An acquisition target is a company that another business wishes to acquire through a friendly or hostile takeover. Identifying potential targets is important for investors. Tactics to acquire a target include buying shares on the open market, convincing shareholders to sell, or ousting dissenting board members. Takeover targets can use various tactics to repel unwanted buyers, such as a white knight strategy or poison pill defenses. Small companies that fill a new or unusual niche in the market are often targeted. Spotting potential targets can be lucrative for investors.
An acquisition target, also called a target company, is a business that another company wishes to acquire. Normally, takeovers are determined as hostile or friendly, depending on the tactic used by the bidding company. Acquisition targets are often identifiable by different qualities, and identifying which companies could be targeted is an important part of investing.
To acquire a target company, an offering company must purchase a majority of the target’s shares. This can be done by buying shares on the open market, convincing shareholders to sell, convincing the takeover target’s board that the takeover is in their best interest, or using influence to oust dissenting board members. In an amicable takeover, the board agrees the takeover will be beneficial; in the event of a hostile takeover, the bidders will seek a majority shareholding regardless of the opinion of the board of directors.
A takeover target that is subjected to a hostile takeover attempt by a bidding company has a wide variety of tactics to repel unwanted buyers. In a white knight strategy, a third company that wishes to prevent the bidder from acquiring the target will buy enough stock to prevent the majority, while not being interested in acquiring the takeover target for itself. A gray or black knight defense is considerably riskier, as the third company may want to get the majority for itself, and the target company is left praying that the two bidders will block each other.
Depending on the board’s desperation, takeover targets could attempt one of many varieties of poison pill defenses. These involve taking on huge new debt to make the company less attractive to bidders or ensuring severe penalties for shareholders if the company is bought out. In scorched earth defense, the company enters into agreements to ensure that all assets are liquidated in the event of a takeover. The disadvantages of these harsh tactics are that if the takeover is unsuccessful, the target of the takeover is left vulnerable by the debt it has taken on or the tactics used.
According to market experts, there are numerous signs that a company may be or become a takeover target. Small companies that fill a new or unusual niche in the market will likely be snapped up by large corporations once they’ve proven themselves able to turn a profit. Companies that need additional funding to extend the availability of their products due to higher-than-expected demand are also extremely vulnerable to a takeover. In general, if a small company has a good profit history, good consumer ratings, and a well-managed structure, it will be desirable for large companies that want to increase their profit margins without the risk of starting entirely new ventures.

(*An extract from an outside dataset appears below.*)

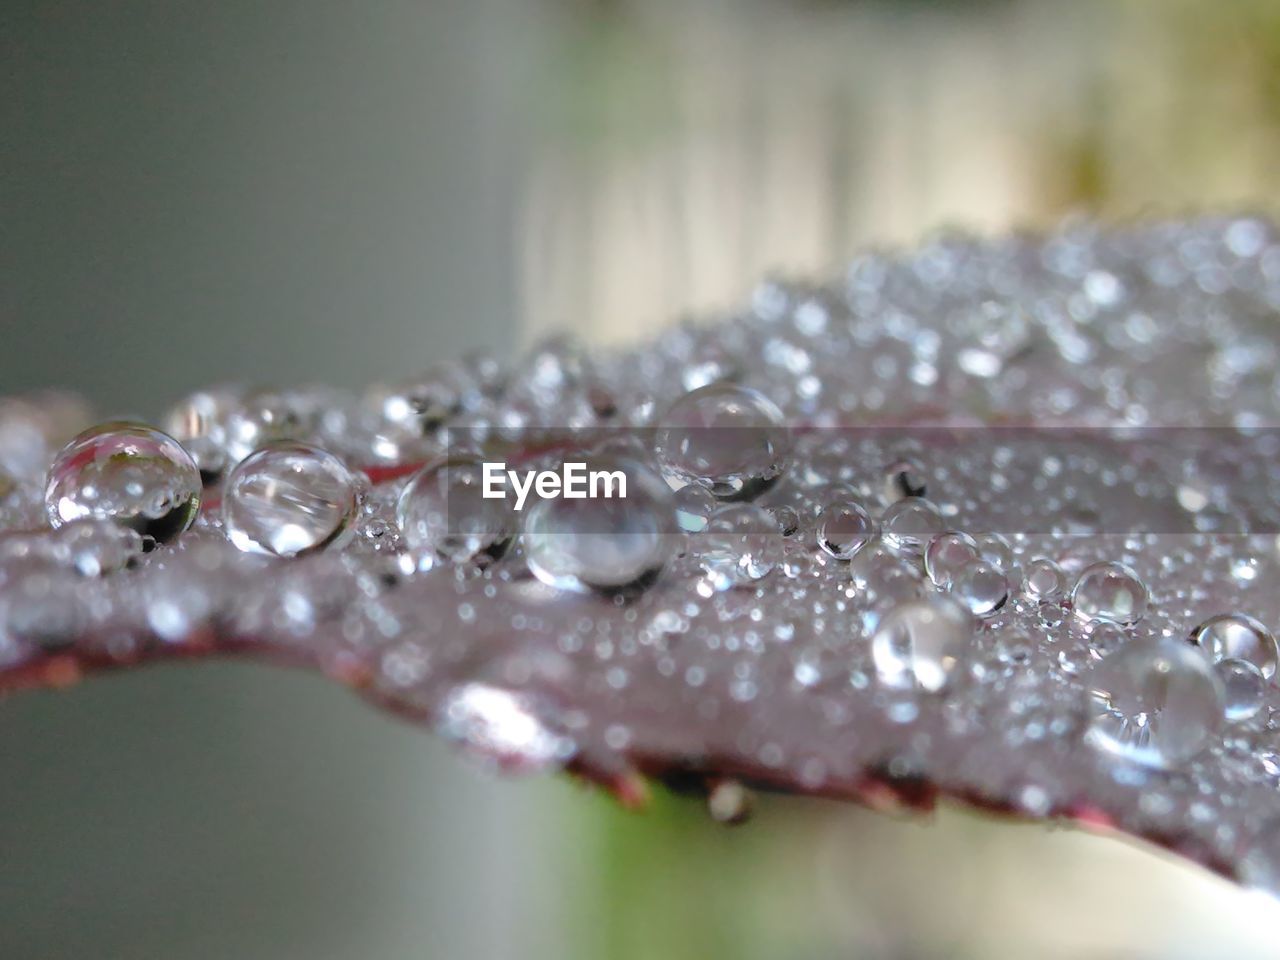 WATER DROPS ON LEAF

The ability to uncover a potential acquisition target can be an extremely lucrative skill. Having shares in an acquisition target can be advantageous, as the amount paid for them by a bidder company will normally be significantly higher than prices on the open market. Savvy investors are able to spot takeover targets before takeover attempts are made, allowing them to liquidate their shares to the bidding company with the highest possible profit margin.